Он вырвался, крепко взял ее за огрубевшие руки.
— С Романом беда, ты держись, Вета…
— С Ромой?
Она почувствовала, как все вокруг нее поплыло, быстрее, быстрее; закружился как безумный высокий гостиничный грязный потолок. «Почему потолок?» — подумала она и провалилась в беспамятство. Она очнулась в том же вестибюле, на стуле. Сергей Степанович поддерживал ее голову, его рука мешала, и еще что-то мешало, какая-то мысль, что такое он сказал про Рому, этого не может быть…
— Сергей Степанович, он жив? — Вета рванулась из его рук, стараясь вывернуться, заглянуть ему в глаза.
— Нет, Вета, — сказал Сергей Степанович и потряс головой, — его больше нет.

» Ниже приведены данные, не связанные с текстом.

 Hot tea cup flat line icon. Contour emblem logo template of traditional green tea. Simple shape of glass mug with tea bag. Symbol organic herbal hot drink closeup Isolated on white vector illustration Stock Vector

И Вета услышала свой голос, чужой, захлебывающийся, невыносимый. Она сжала зубы, но крик не прекратился, только начал сильнее отдаваться в голове. Тогда она стала закрывать рот руками, прикусывая зубами ладони до боли, до соленого вкуса крови.
Потом они ехали в машине, невыносимо долго, и Вета забылась.

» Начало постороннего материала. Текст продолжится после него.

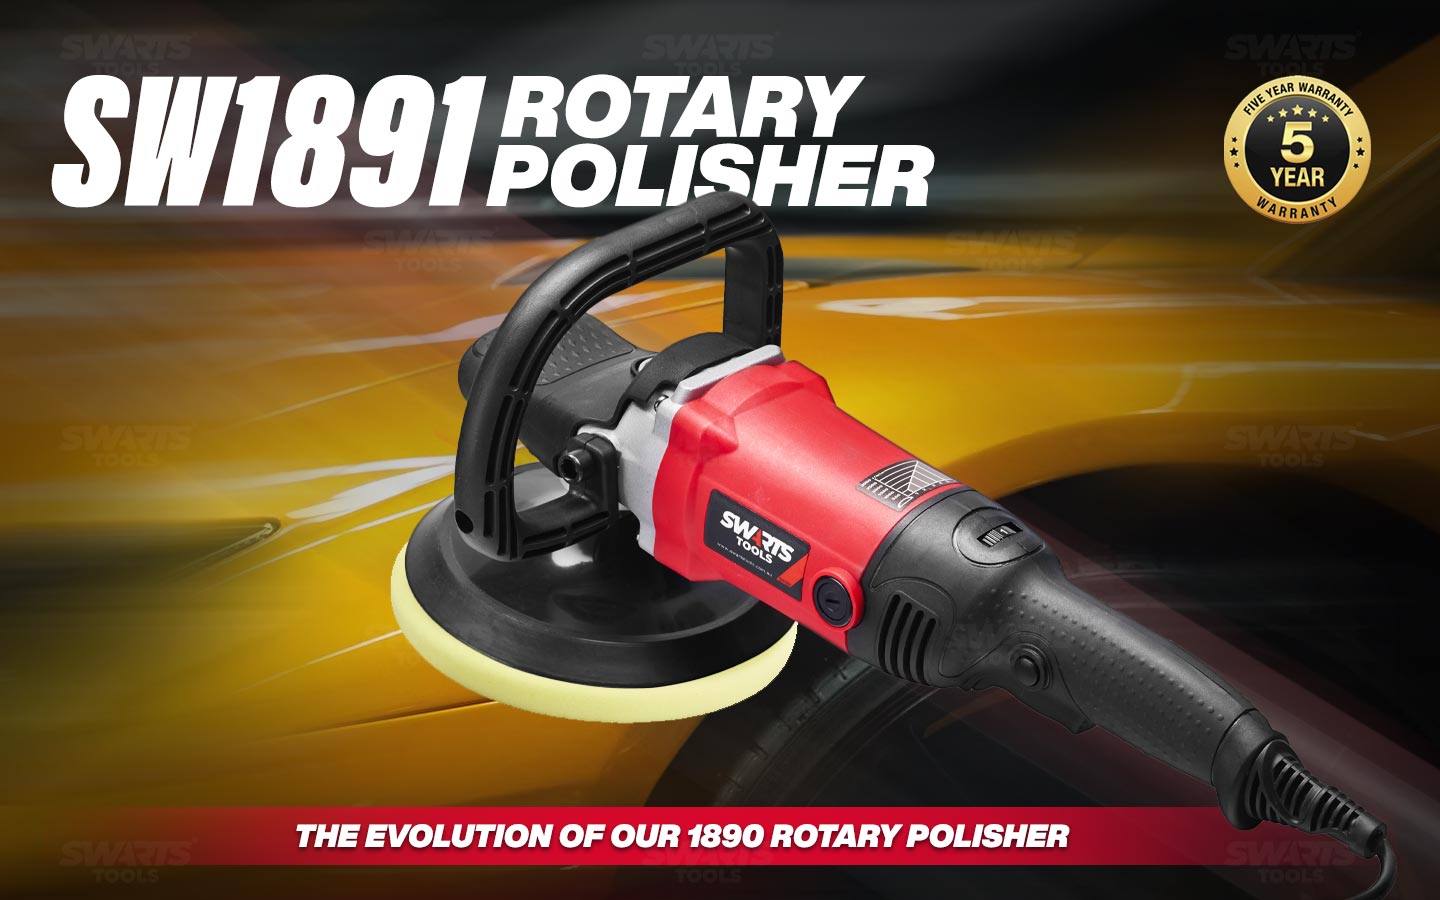 SW1891 Rptary Polisher, The evolution of our 1890 rotary polisher

Она уже все знала. Самолет разбился при взлете. Едва поднявшись над аэродромом, он почему-то загорелся и упал. Никто не спасся, даже останков не могли собрать. Мария Николаевна ездила туда получать символическую урну. Логачевым сообщать она ничего не хотела, их разыскали сотрудники Романа. Завтра состоятся похороны, все взяло на себя учреждение, в котором Рома работал последнее время. Мария Николаевна очень плоха, едва ходит. Вот и все. Все кончено.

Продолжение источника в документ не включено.